> _WHAT TO WORK ON_
Write out each line of the listing as it stands, without the images.

> _GIVEN MATERIAL_

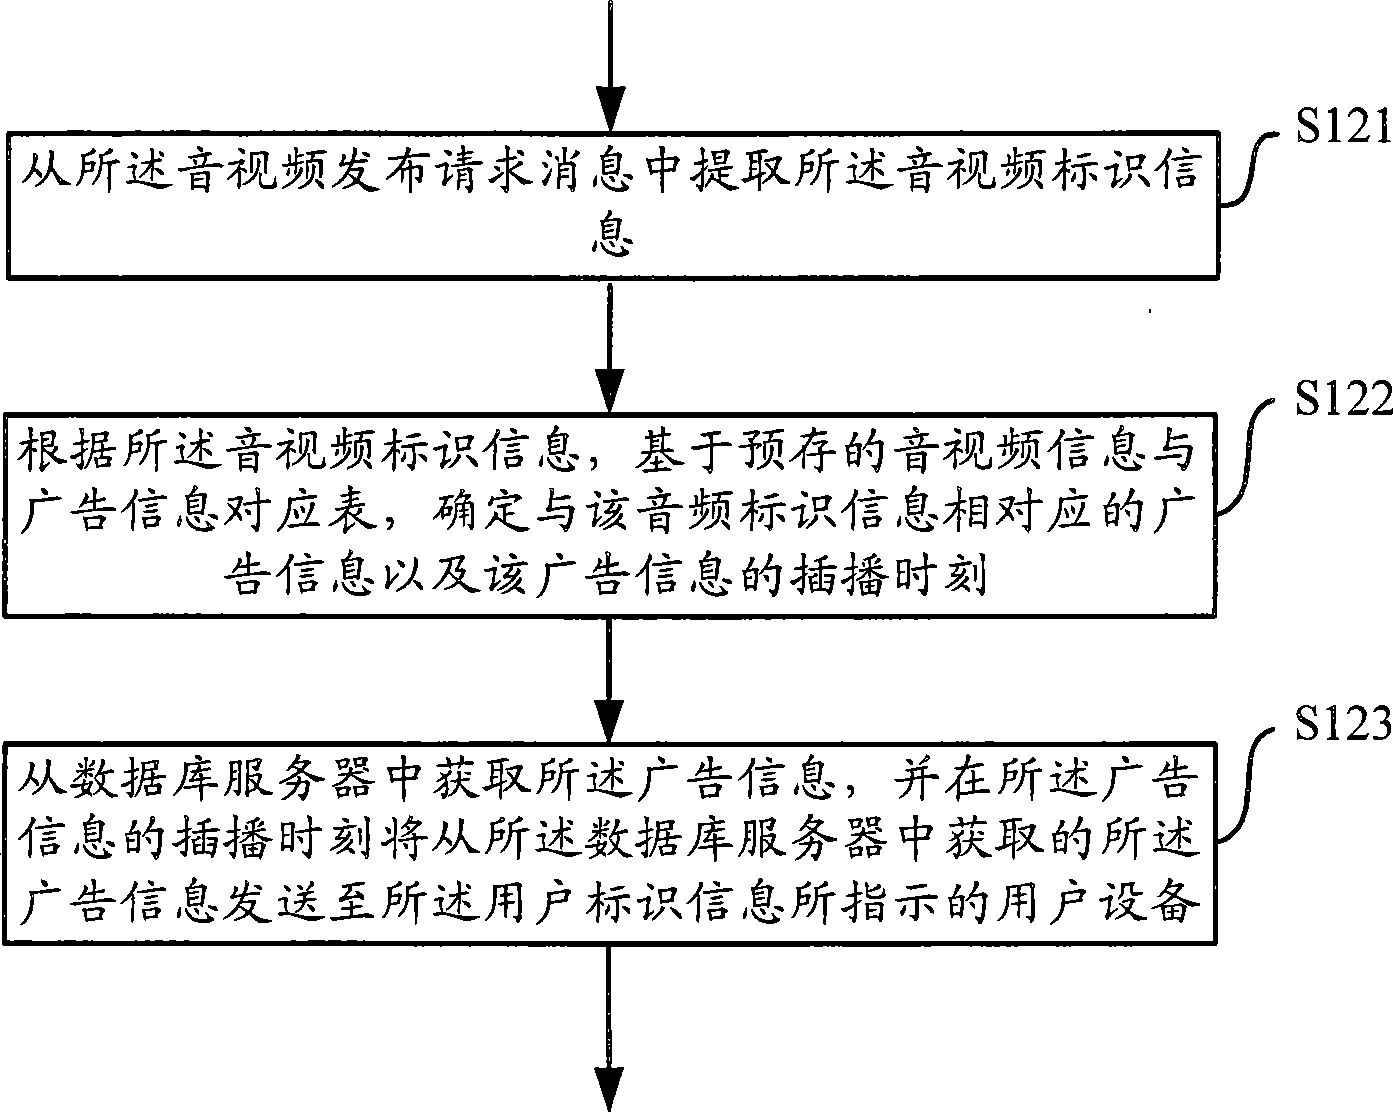 Method and device for inserted playing of advertisement information when playing multimedia file on customer equipment
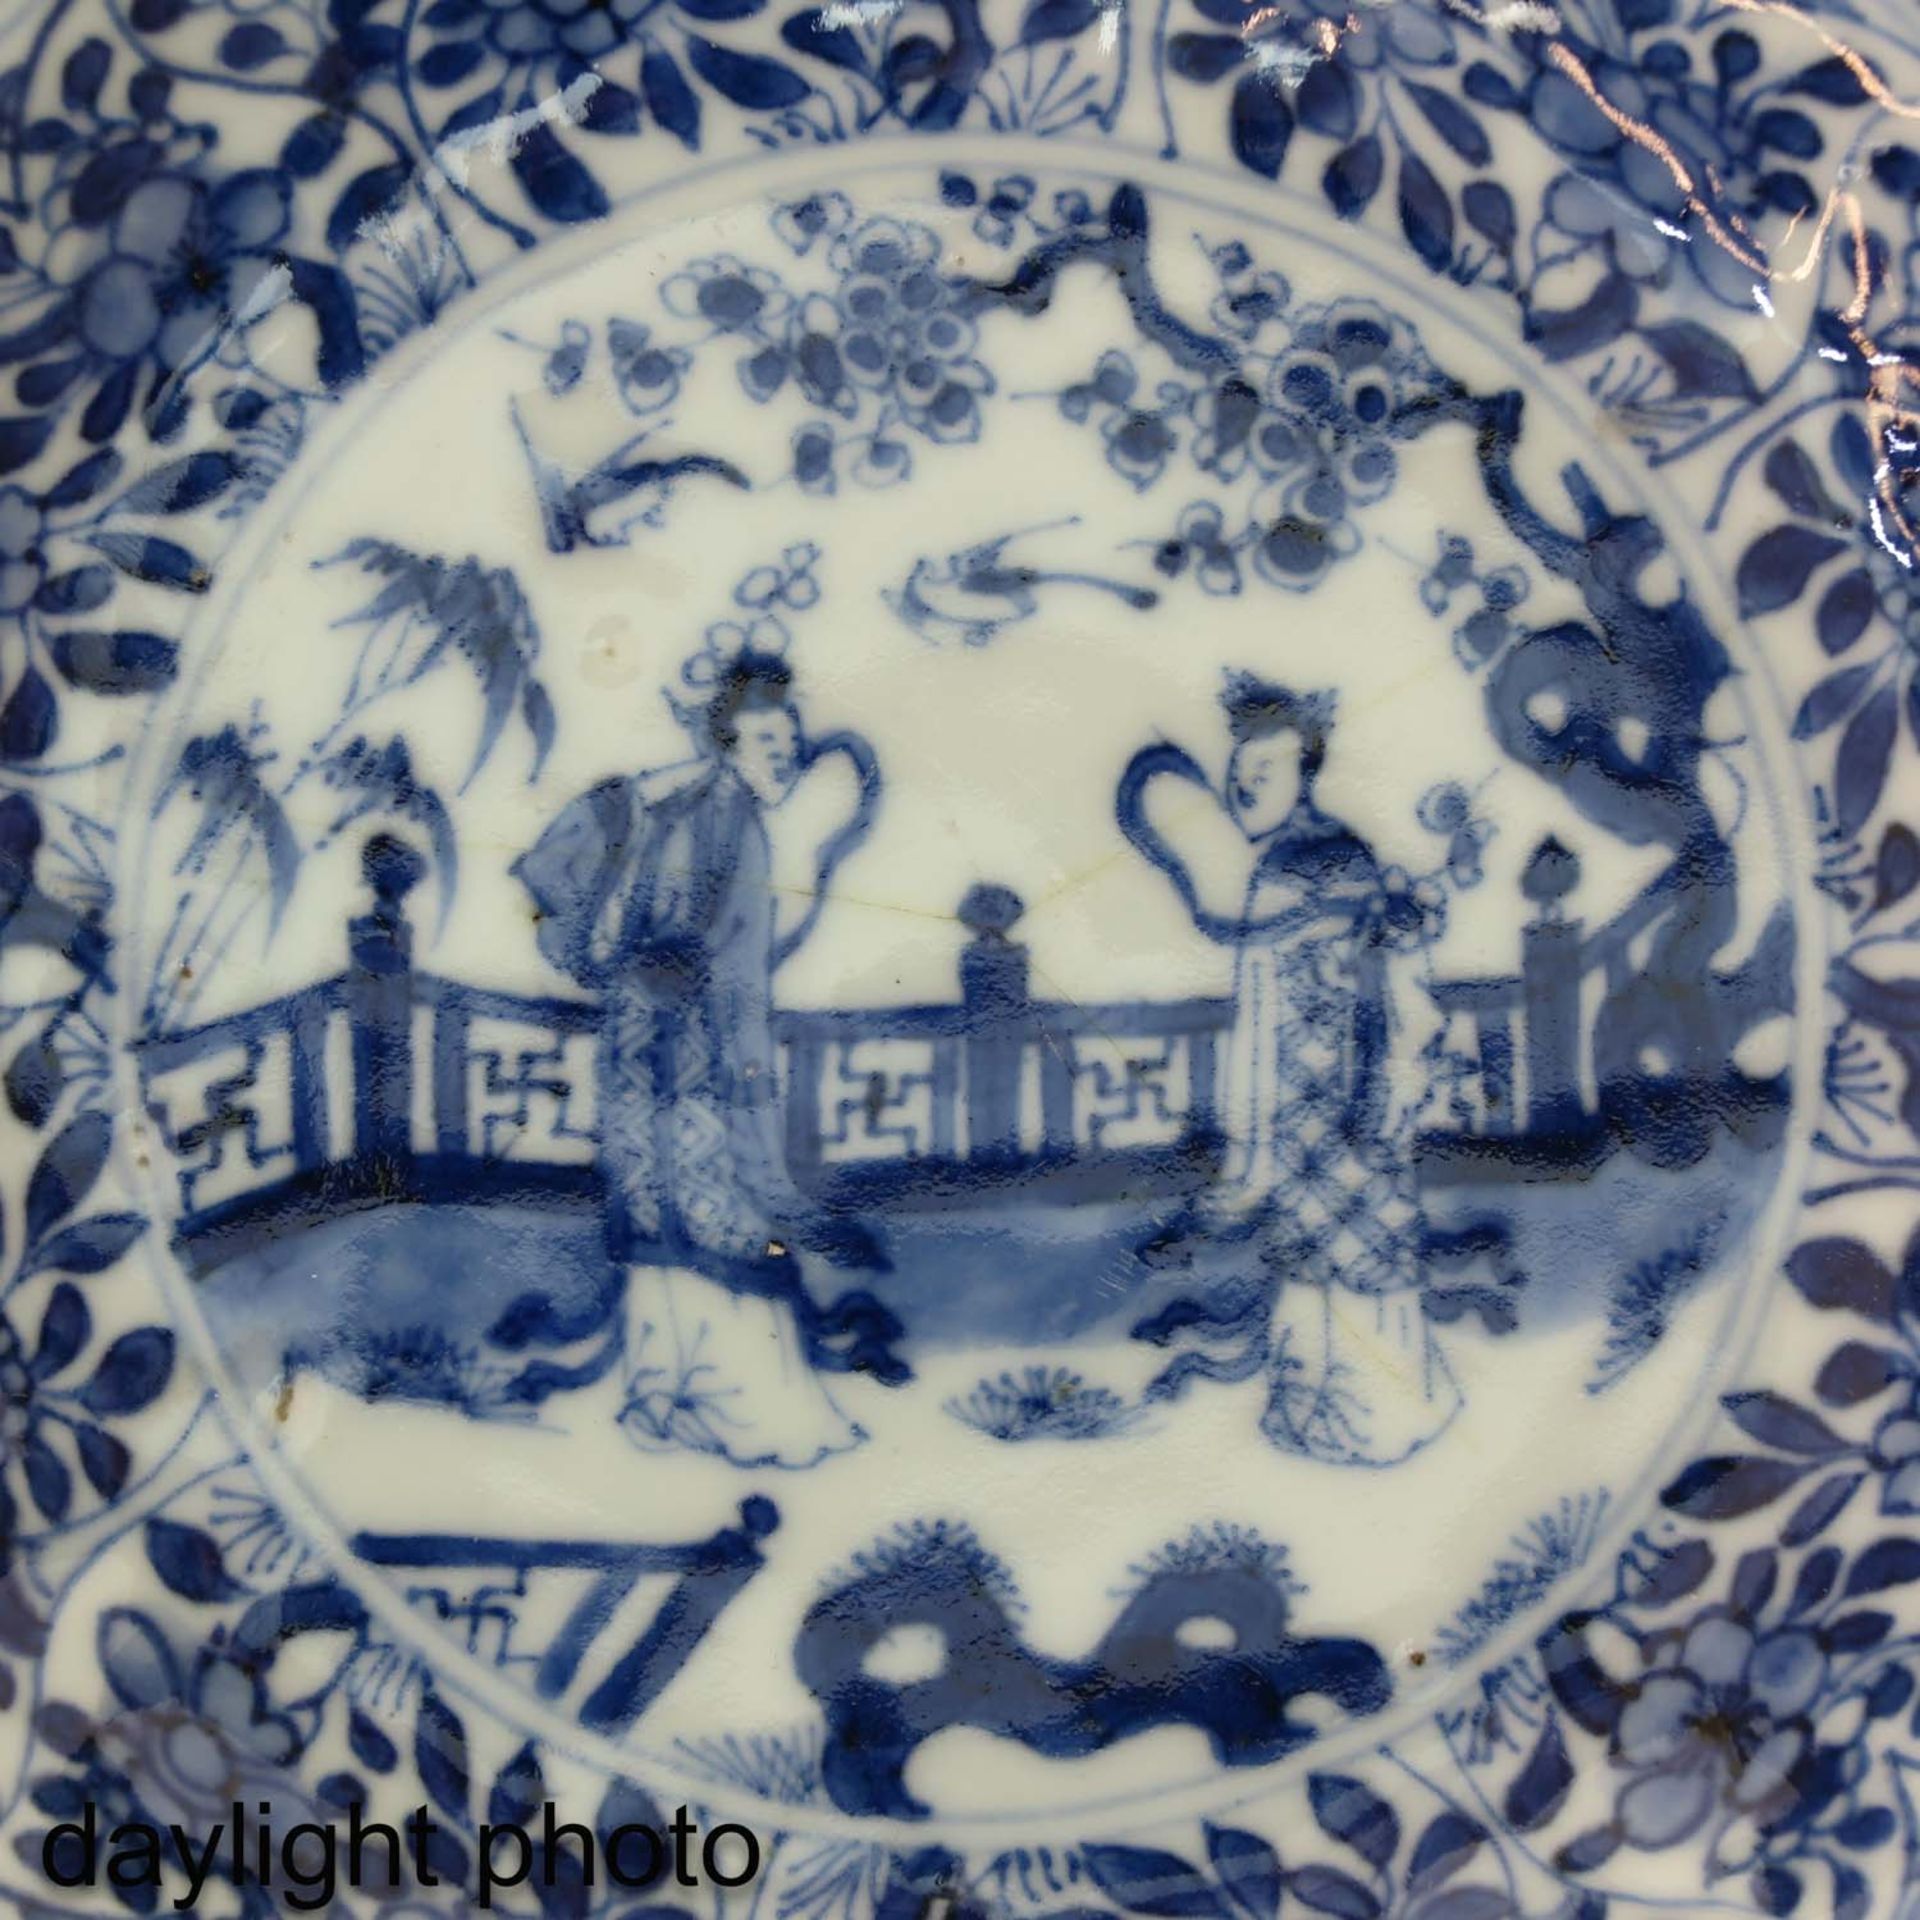 A Small Blue and White Plate - Image 5 of 5
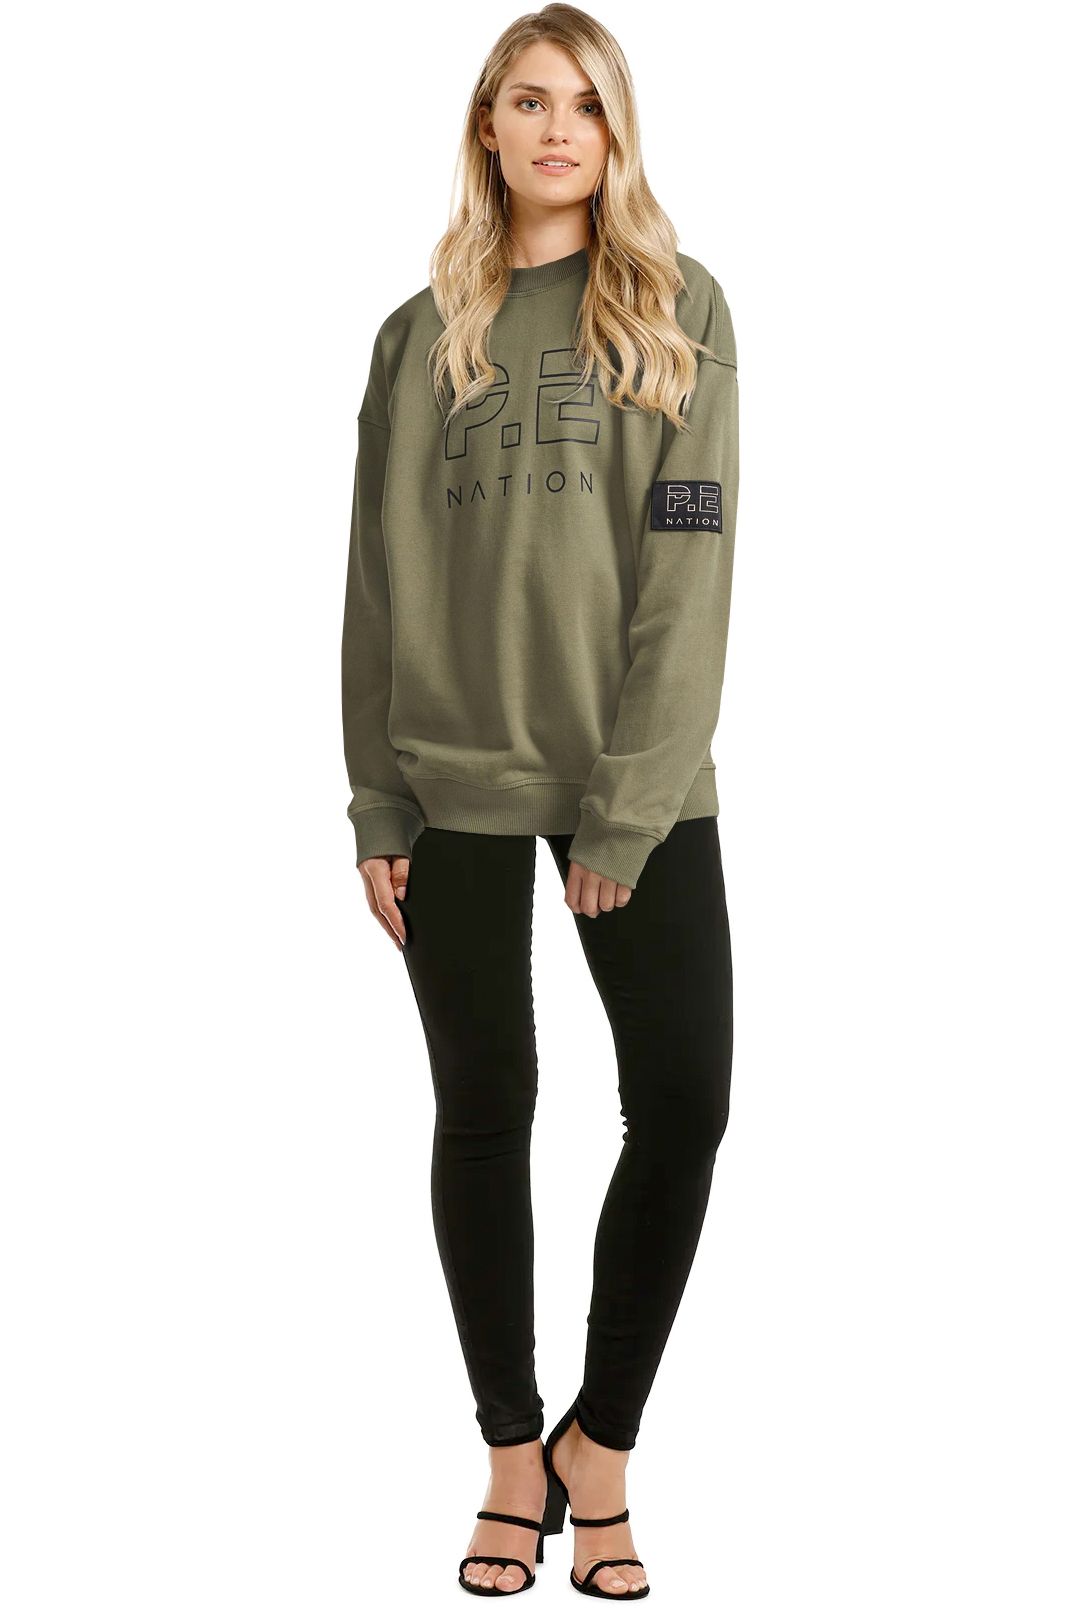 PE-Nation-Heads-Up-Sweat-Olive-Front

> _EXERCISE SOLUTION_
 Method and device for inserted playing of advertisement information when playing multimedia file on customer equipment
 A Small Blue and White Plate - Image 5 of 5
 PE-Nation-Heads-Up-Sweat-Olive-Front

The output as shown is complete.